Besides his impact on the development of horror manga, scholar Tomoko Yamada counts Umezu as one of the shōjo manga artists in the 1950s who contributed to the development of ballet manga with his series Haha Yobu Koe (1958) and Maboroshi Shōjo (1959).

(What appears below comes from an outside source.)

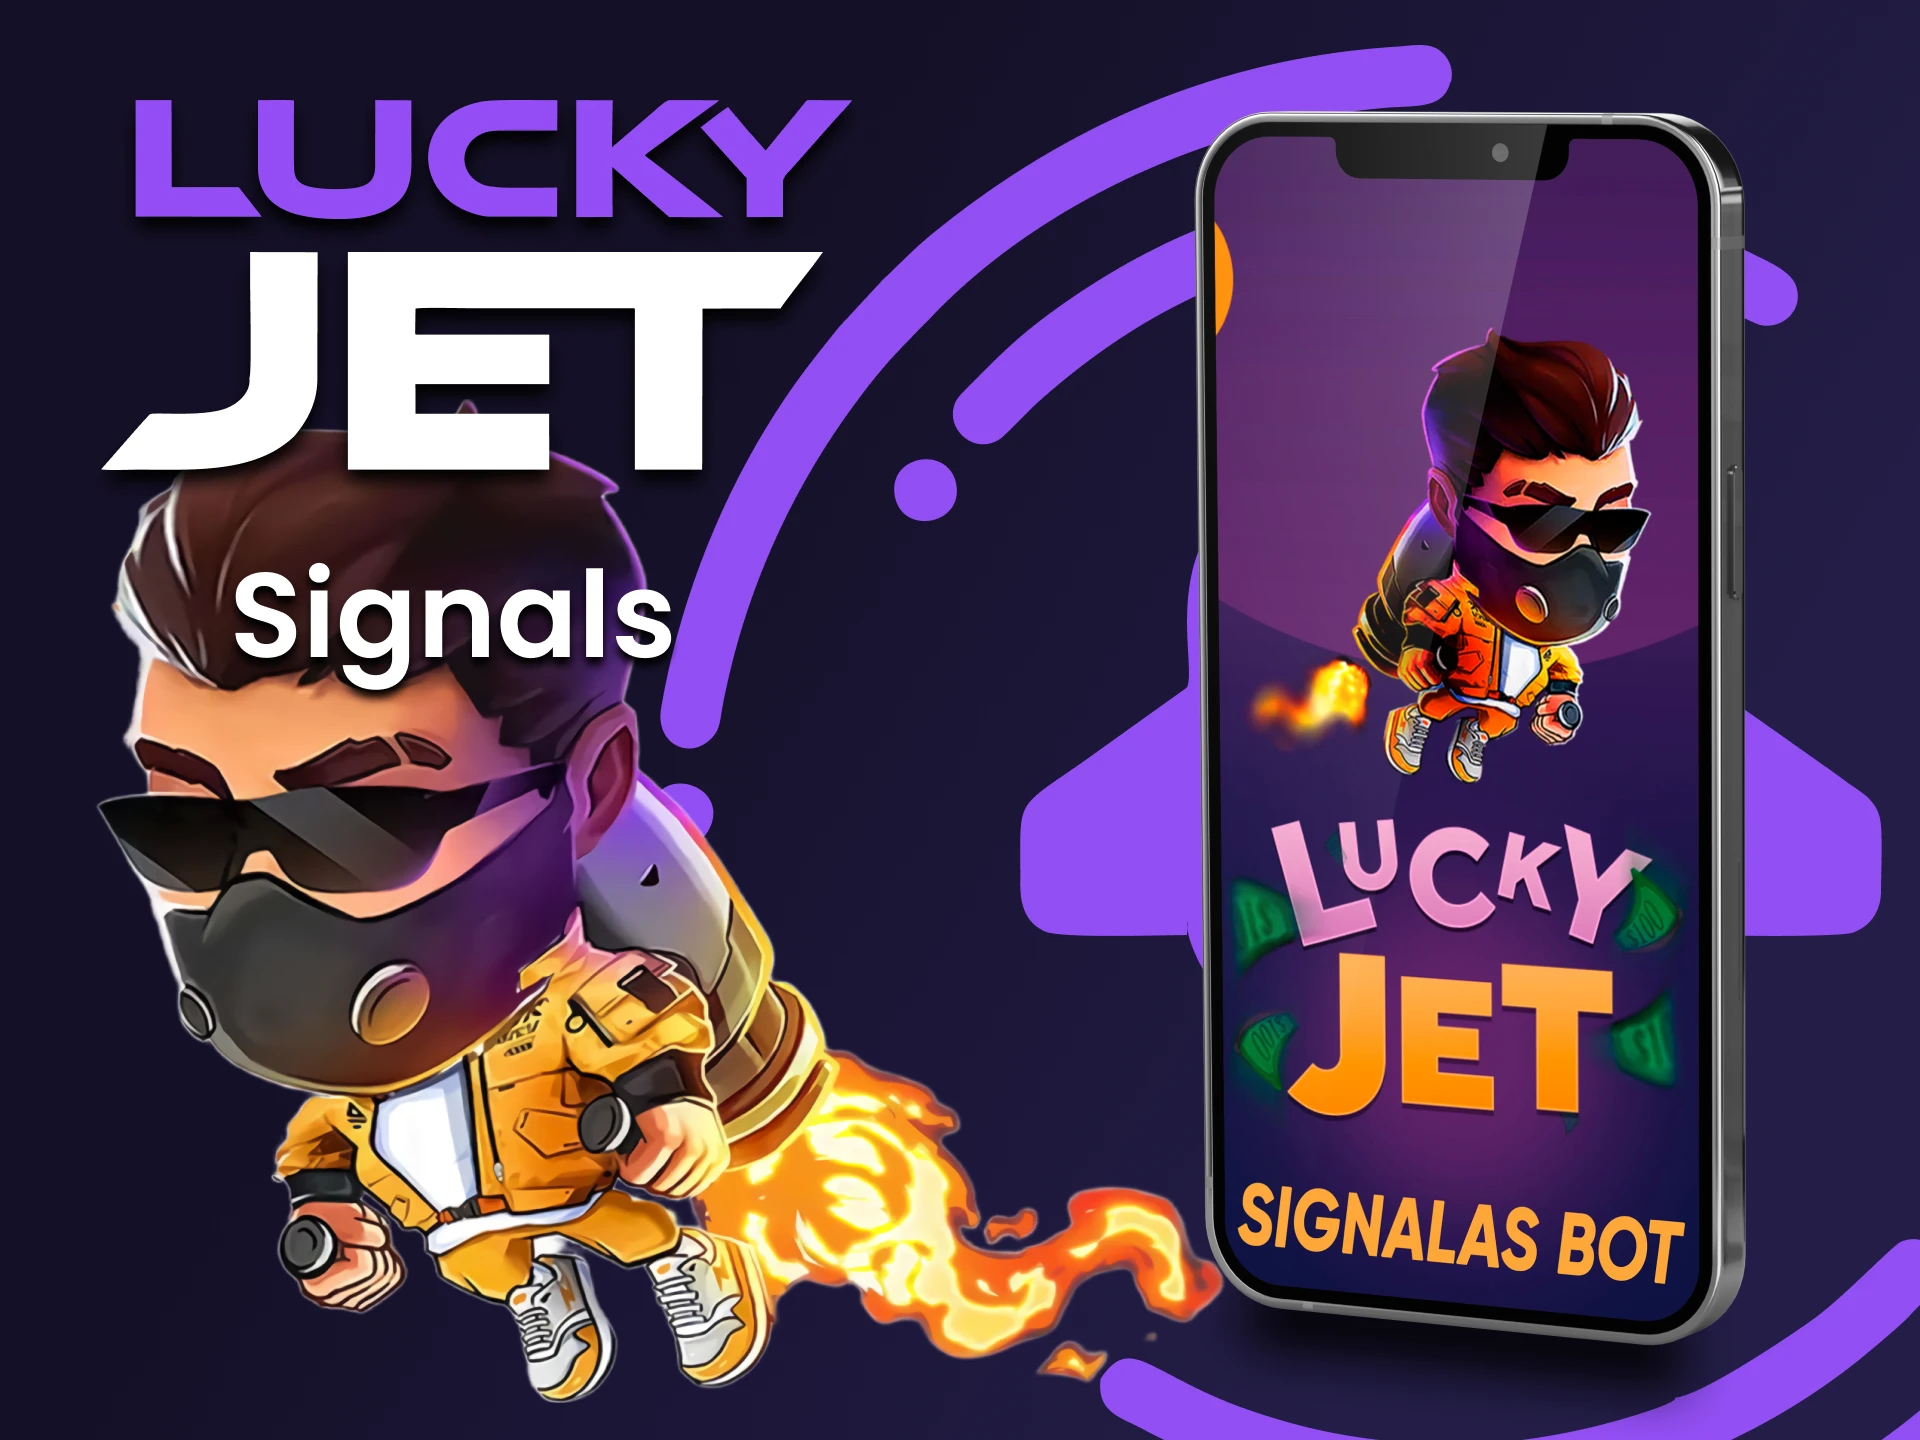 Utilisez le signal pour jouer à Lucky Jet, qui peut être utilisé via l'application.

In 2019, Umezu received the Commissioner for Cultural Affairs award from the Agency for Cultural Affairs. It is an award for "individuals who have made distinguished accomplishment in artistic and cultural activities". It is rarely awarded to people in the manga industry.

== Assistants ==
- Noboru Takahashi
- Robin Nishi
- Rumiko Takahashi

==Works==
=== Manga ===

| Original title | English title | Year | Notes |
|---|---|---|---|
| Mori no Kyōdai (森の兄妹) | Siblings of the Forest | 1955 | published by Tomo Book |
| Haha Yobu Koe (母呼ぶこえ) |  | 1958 | one-shot in Shōjo Book |
| Ningyō Shōjo (人形少女) |  | 1959 | published by Tōhō Mangasha |
| Maboroshi Shōjo (まぼろし少女) |  | 1959 | serialized in Niji |
| Romansu no Kusuri (ロマンスの薬) | Romance Medicine | 1962 | serialized in Nakayoshi |
| Yamabiko Shimai (山びこ姉妹) |  | 1964 | serialized in Niji |
| Nemuri Shōjo (ねむり少女) |  | 1964 | published by Tōkyō Mangasha |
| Hebi Obasan (へびおばさん) |  | 1964 |  |
| Mama ga Kowai (ママがこわい) | Scared of Mama | 1965 | serialized in Shōjo Friend |
| Madara no Shōjo (まだらの少女) | The Spotted Girl | 1965 | serialized in Shōjo Friend |
| Benigumo (紅グモ) | Red Spider | 1965–1966 | serialized in Shōjo Friend |
| Hangyojin (半魚人) | Half-Fish Man | 1965 | serialized in Shōnen Magazine |
| Hibiware Ningen (ひびわれ人間) | Cracked Human | 1966 | serialized in Shōnen Magazine |
| Hebi Shōjo (へび少女) | Reptilia | 1966 | serialized in Shōjo Friend |
| Urutoraman (ウルトラマン) | Ultraman | 1966–1967 | serialized in Shōnen Magazine |
| Nekome no Shōjo (ねこ目の少女) | Cat Eyed Girl | 1967 | serialized in Shōjo Friend |
| Nekome Kozō (猫目小僧) | Cat Eyed Boy | 1967–1968 1968–1969 1976 | serialized in Shōnen Gaho serialized in Shōnen King serialized in Weekly Shōnen Sunday |
| Akanbo Shōjo (赤んぼ少女) | Baby Girl | 1967 | serialized in Shōjo Friend |
| Shisha no Kōshin (死者の行進) | March of the Dead | 1967 | serialized in Shōnen Magazine |
| SF Ishoku Tampenshū (SF異色短編集) |  | 1968–1969 | serialized in Big Comic |
| Kage (映像) |  | 1968 | serialized in Teen Look |
| Chō no Haka (蝶の墓) | Butterfly Grave | 1968 | serialized in Teen Look |
| Osore (おそれ) | Fear | 1969 |  |
| Orochi (おろち) | Orochi | 1969–1970 | serialized in Weekly Shōnen Sunday |
| Iara (イアラ) |  | 1970 | serialized in Big Comic |
| Kaijū Gyō (怪獣ギョー) |  | 1971 | serialized in Teen Look |
| Agein (アゲイン) | Again | 1971–1972 | serialized in Weekly Shōnen Sunday |
| Hyōryū Kyōshitsu (漂流教室) | The Drifting Classroom | 1972–1974 | serialized in Weekly Shōnen Sunday |
| Senrei (洗礼) | Baptism | 1974–1976 | serialized in Shōjo Comic |
| Makoto-chan (まことちゃん) | Makoto-chan | 1976–1981 | serialized in Weekly Shōnen Sunday |
| Watashi wa Shingo (わたしは真悟) | My Name Is Shingo | 1982–1986 | serialized in Big Comic Spirits |
| Kami no Hidarite Akuma no Migite (神の左手悪魔の右手) | God's Left Hand, Devil's Right Hand | 1986–1988 | serialized in Big Comic Spirits |
| Chō! Makoto-chan (超!まことちゃん) |  | 1988–1989 | serialized in Weekly Shōnen Sunday |
| Fōtīn (14歳) | Fourteen | 1990–1995 | serialized in Big Comic Spirits |

=== Paintings ===
- Zoku-Shingo: Little Robot Shingo (Zoku-Shingo小さなロボット シンゴ美術館, Zoku-Shingo Chiisa na Robotto Shingo Bijutsukan)
- Cave Queen Java (Java洞窟の女王, Jawa Dōkutsu no Joō)

=== Films ===
- Nekome Kozo (anime television series)
- Drifting Classroom (movie)
- Blood Baptism (movie)
- Drifting School (movie)
- Long Love Letter: Drifting Classroom (TV drama)
- Kazuo Umezu's Horror Theater (6-part TV anthology)
- The Snake Girl and the Silver-Haired Witch ("Hebimusume to hakuhatsuma", 蛇娘と白髪魔) (1968) (Daiei/Kadokawa Pictures)
- Tamami: The Baby's Curse (film)
- Mother (film) (director)

=== Albums ===
- Yami no Album (闇のアルバム, 1975)
- Yami no Album 2 (闇のアルバム・2, 2011)

===Video games===
- Umezma (ウメズマ, 1996)

=== Musicals ===
In 2016, his manga My Name Is Shingo was adapted into a musical. It stars Mitsuki Takahata and Mugi Kadowaki as the lead characters and is directed and choreographed by Philippe Decouflé.